WHAT NEEDS TO BE DONE → The expected output is every line of the data exactly as shown, minus the images.

DATA SHOWN →
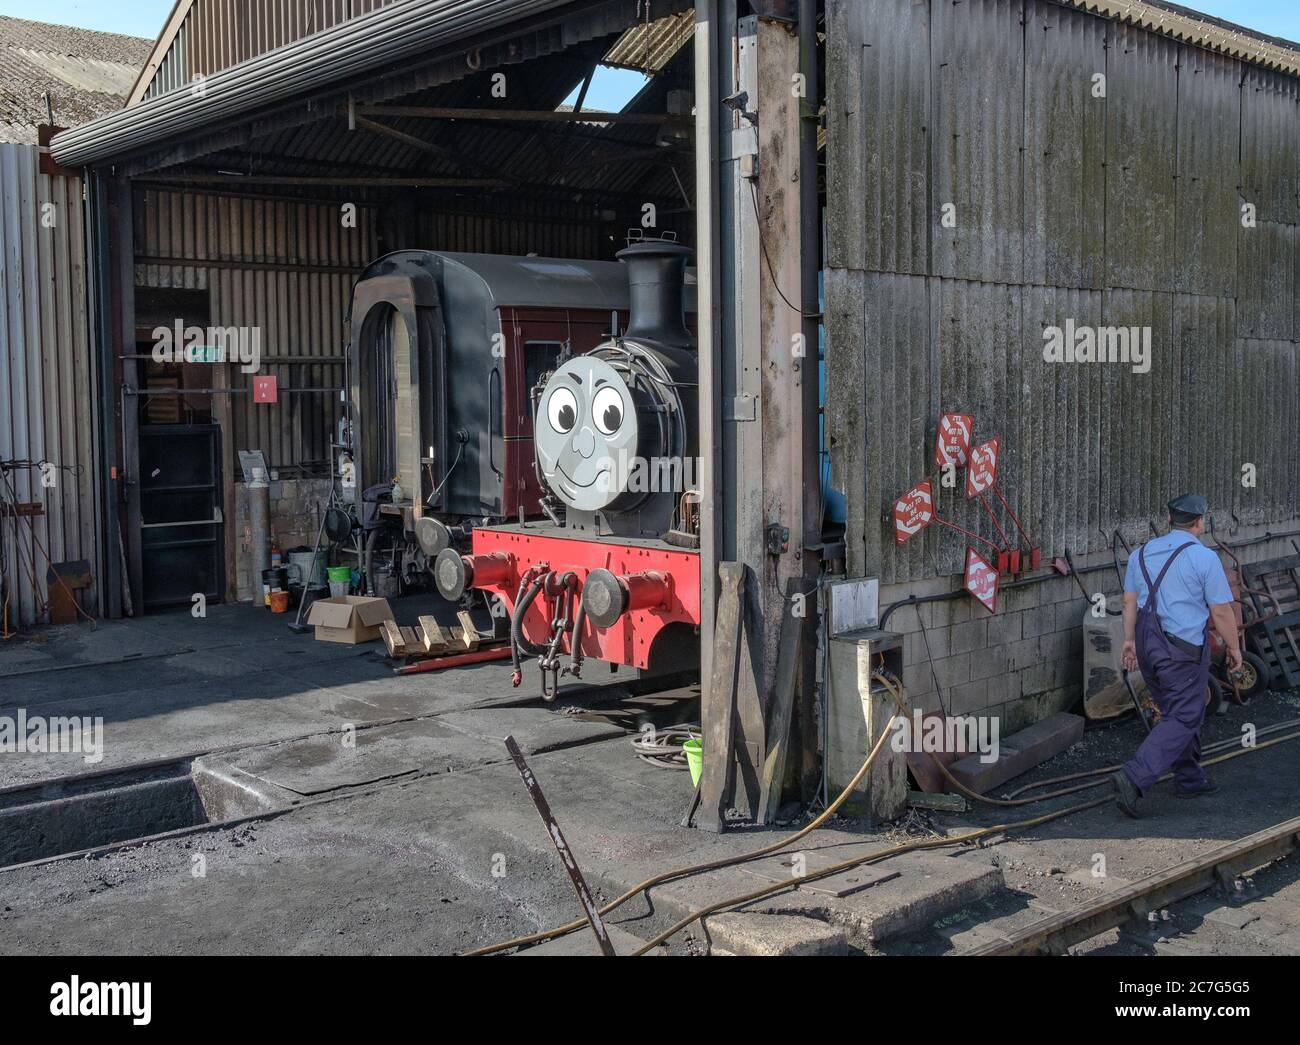 Vintage styled steam locomotives including a popular children's character train seen in a locomotive shed with a train driver seen walking past. Stock Photo
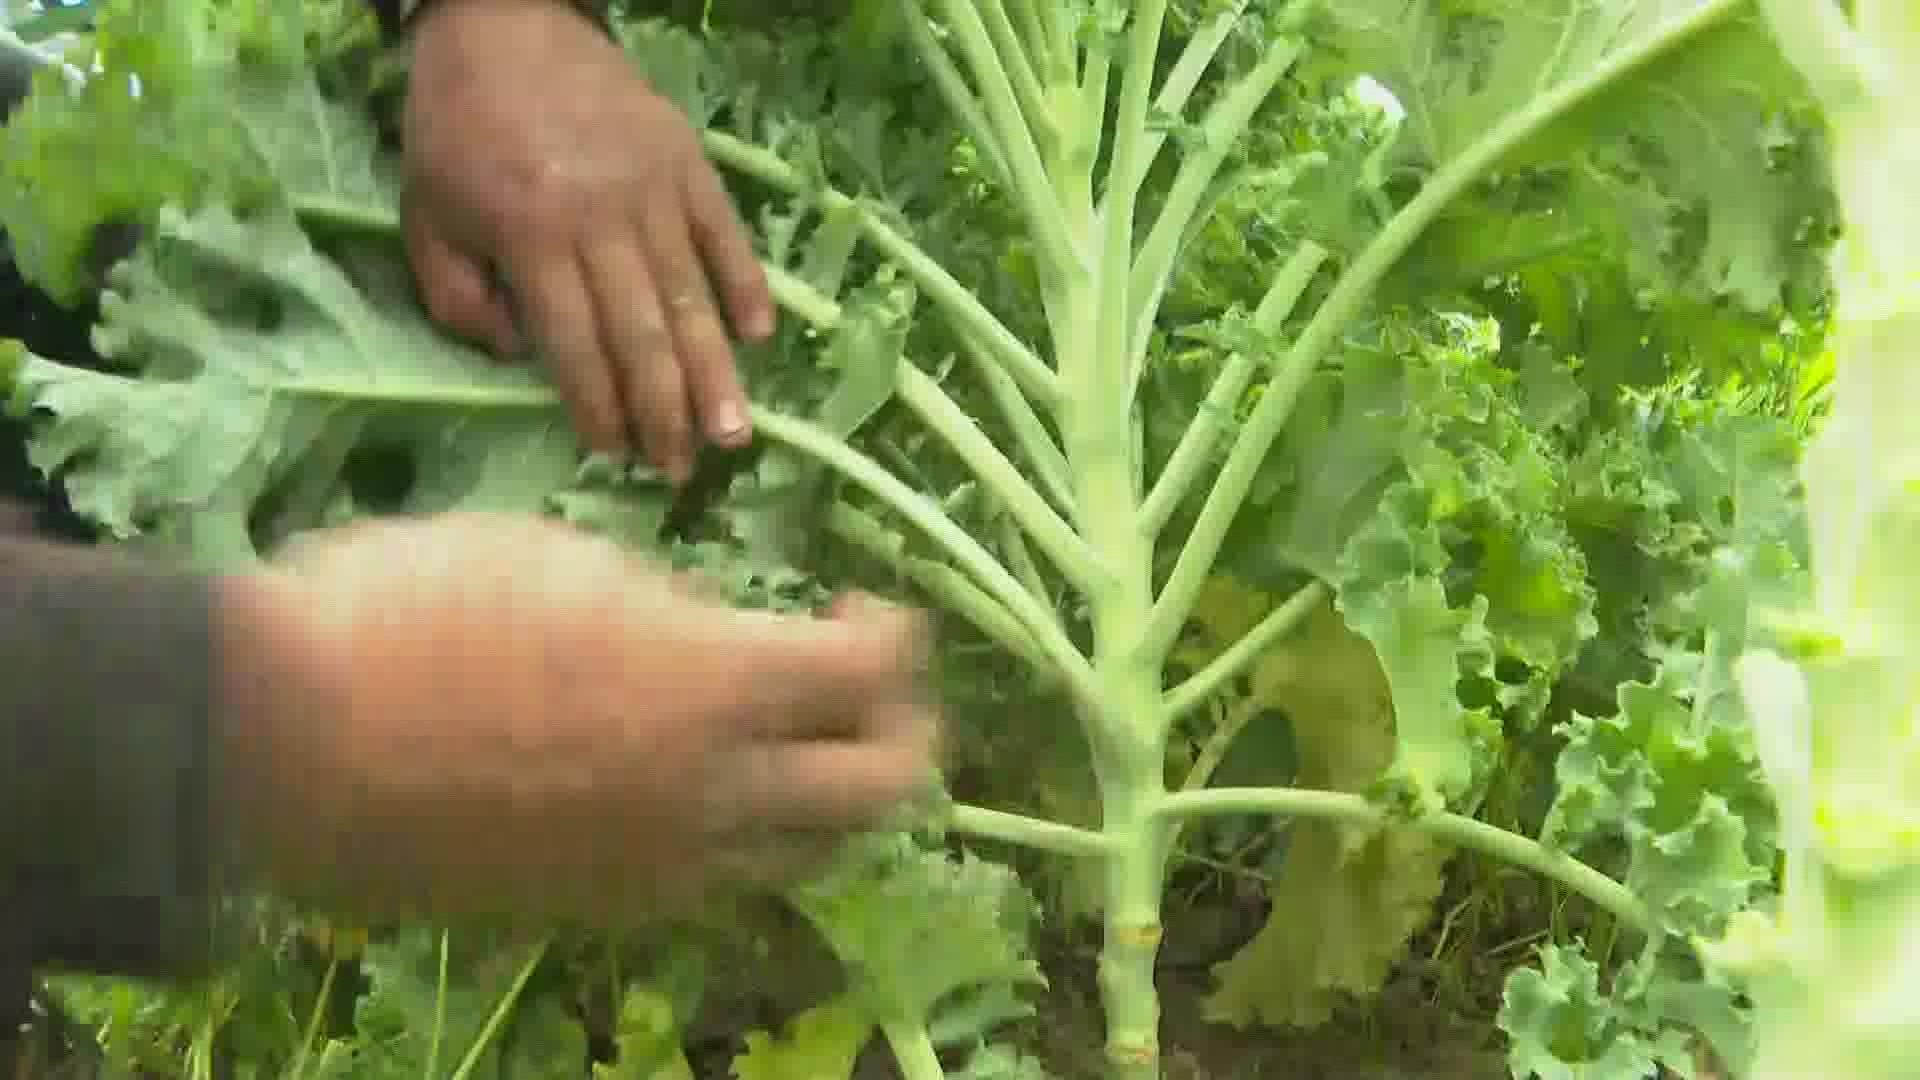 This year, 53 Maine farms requested help from migrant workers.
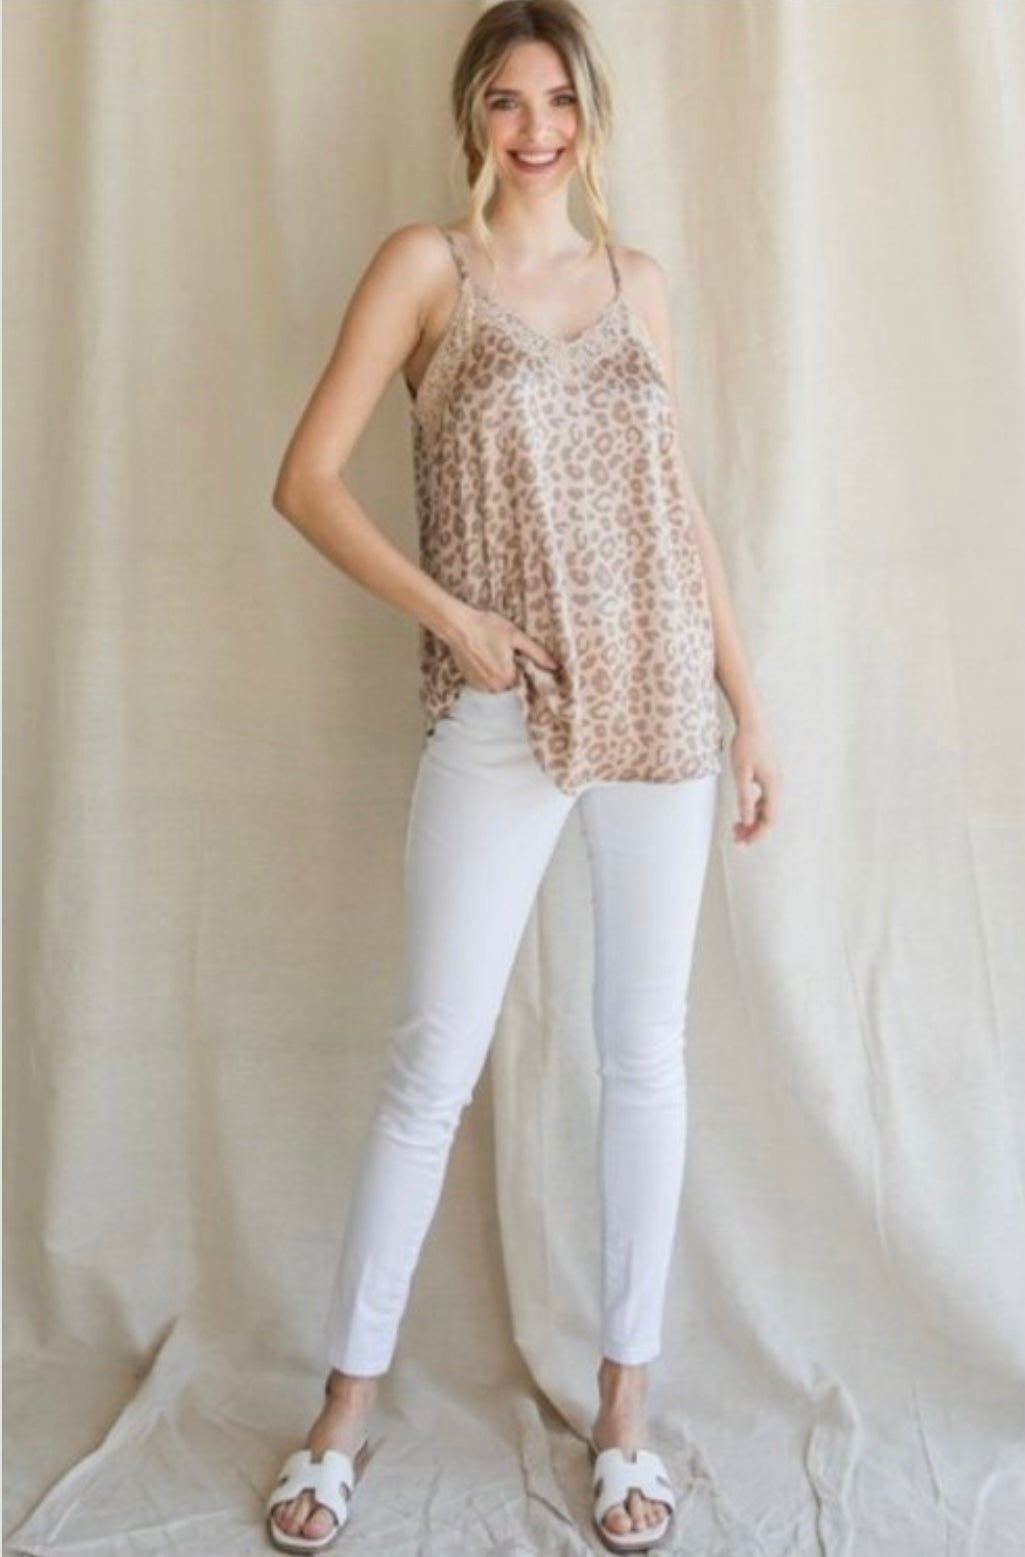 Vanessa Animal Print Cami - Corinne Boutique Family Owned and Operated USA
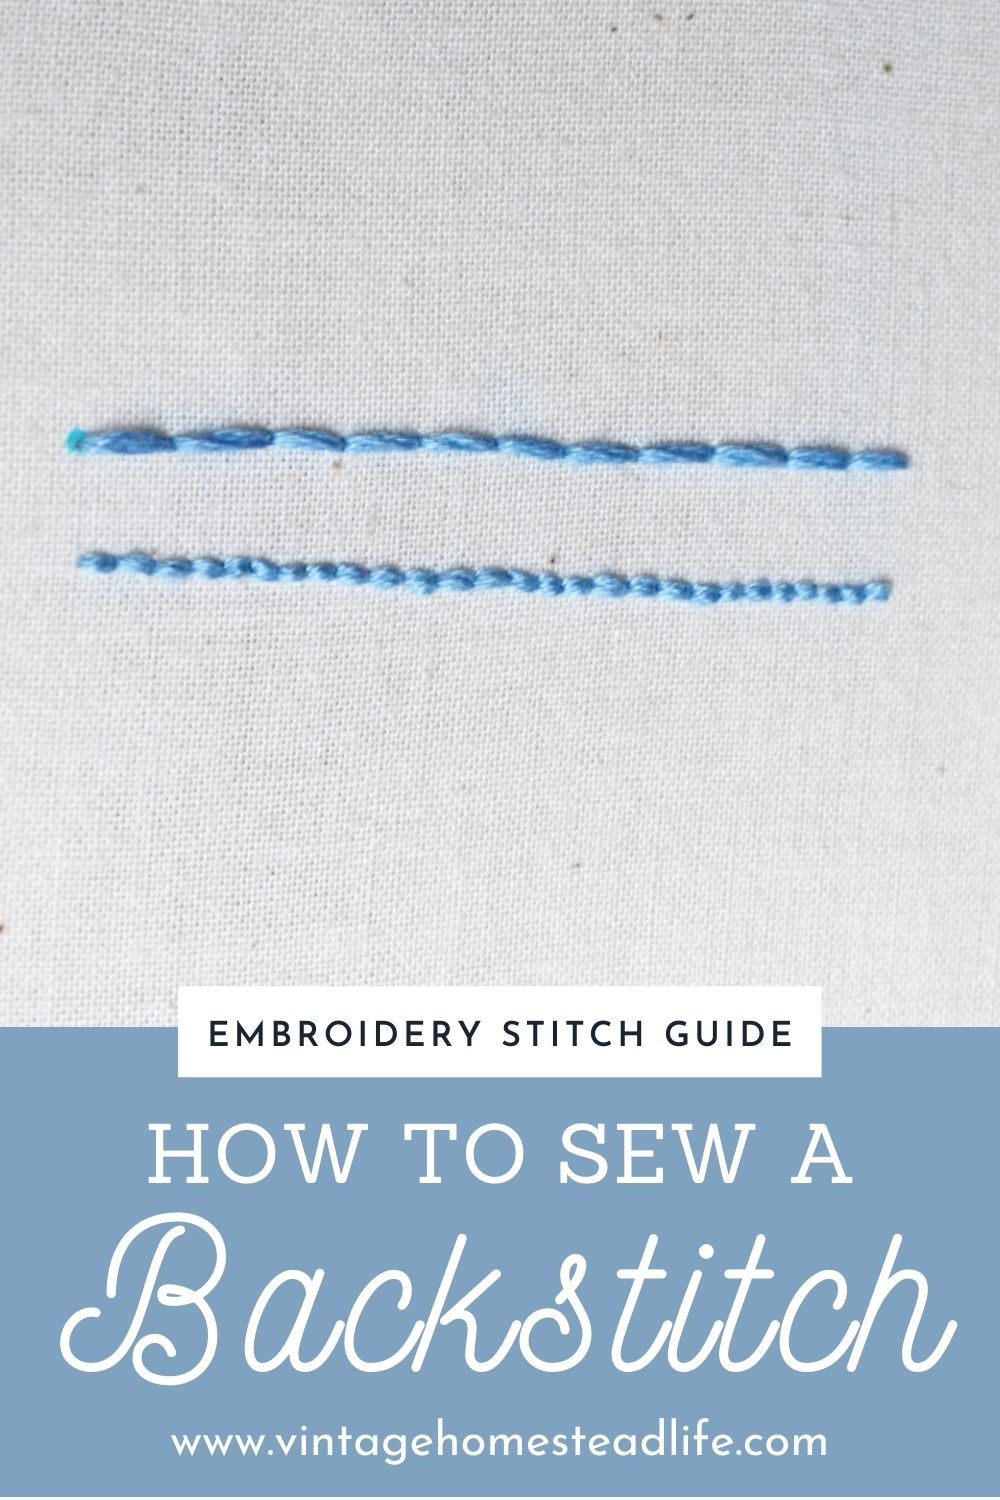 Learning a backstitch will allow you to complete nearly any embroidery project. Learning this stitch will really take you places in your embroidery adventures!

FINISHED TASK →
 Vintage styled steam locomotives including a popular children's character train seen in a locomotive shed with a train driver seen walking past. Stock Photo
 This year, 53 Maine farms requested help from migrant workers.
 Vanessa Animal Print Cami - Corinne Boutique Family Owned and Operated USA
 Learning a backstitch will allow you to complete nearly any embroidery project. Learning this stitch will really take you places in your embroidery adventures!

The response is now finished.